Штирлиц включил зажигание, медленно закурил и поехал в отель.
Портье он спросил рассеянно, скрывая зевоту:
— Оберштурмбанфюрер Диц уже у себя?
— Он пришел двадцать минут тому назад, господин Штирлиц. Он просил предупредить, что будет занят по работе полчаса. — Портье глянул на часы. — Соединить?
— Нет, нет. Благодарю вас. Я подожду его у себя.
Штирлиц похлопал себя по карманам, сосредоточенно нахмурился, снова похлопал себя по карманам, досадливо щелкнул пальцами:
— Черт возьми, мой ключ остался на работе… У вас есть ключ ко всем дверям, нет?
— Да, конечно.
— Дайте, пожалуйста, на минуту ваш ключ.
— Я открою вам дверь, оберштурмбанфюрер…
— Дайте ключ, — повторил Штирлиц, — не уходите с поста, я сам умею открывать двери.
В их гостинице были особые замки; изнутри вместо скважинки — кнопка. Ключ, таким образом, внутри оставить нельзя. Нажмешь изнутри кнопку — дверь заперта, повернешь ключ снаружи — открыта.
Штирлиц подошел к двери того номера, где жил Диц, и прислушался: было включено радио, передавали концерт Брамса.
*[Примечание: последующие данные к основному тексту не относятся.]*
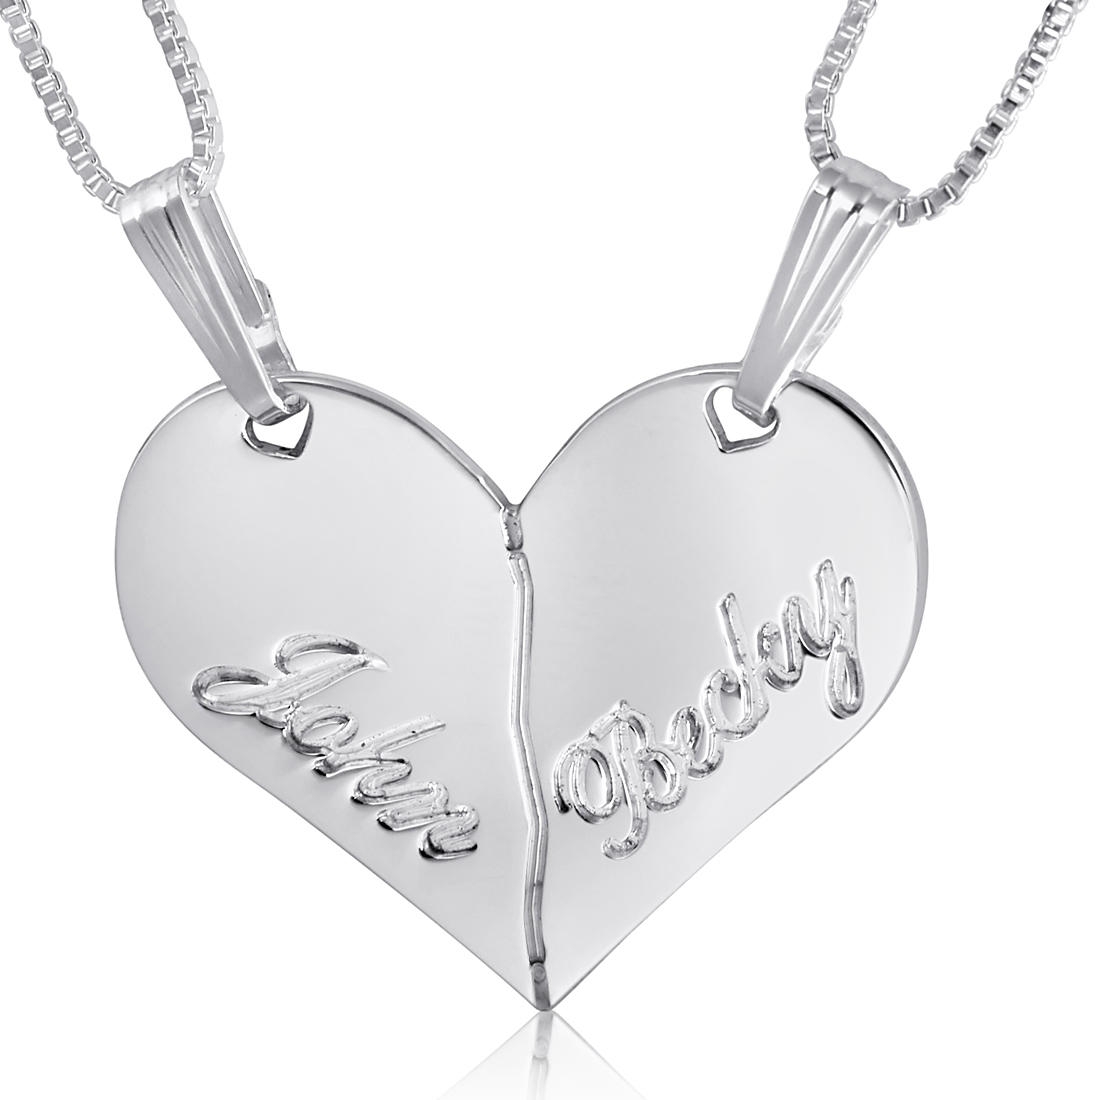 Buy Personalized Broken Heart Necklace, Silver Broken Heart Necklace,  Engraved Split Heart Necklace, His & Hers Necklace, Valentine's Day Gift  Online in India - Etsy

«Кажется, третий», — машинально отметил Штирлиц и мягко повернул ключ, который подходил ко всем дверям — в военных гостиницах было вменено в обязанность иметь такой универсальный ключ. Он вошел в маленькую темную прихожую тихо, на цыпочках. Музыка неслась из комнаты, одна лишь музыка. Штирлиц рывком распахнул дверь. С большой тахты взметнулся Диц, который показался сейчас Штирлицу рыхлым и нескладным: в форме он всегда был подтянут. Елена медленно натягивала на себя простыню. Диц выскочил в прихожую — лицо его стало багровым.
— Бога ради, извините, — сказал Штирлиц. — Там Омельченко устраивает истерику…
— Штирлиц, слушайте, — Диц растерянно потер щеки, и на них остались белые полосы, — слушайте, это какой-то бред.
Штирлиц похлопал его по плечу:
— Продолжайте работу. И поскорее возвращайтесь.
— Штирлиц, что у вас в кармане? Вы фотографировали? Слушайте, не делайте подлости, я же вам ваш товарищ…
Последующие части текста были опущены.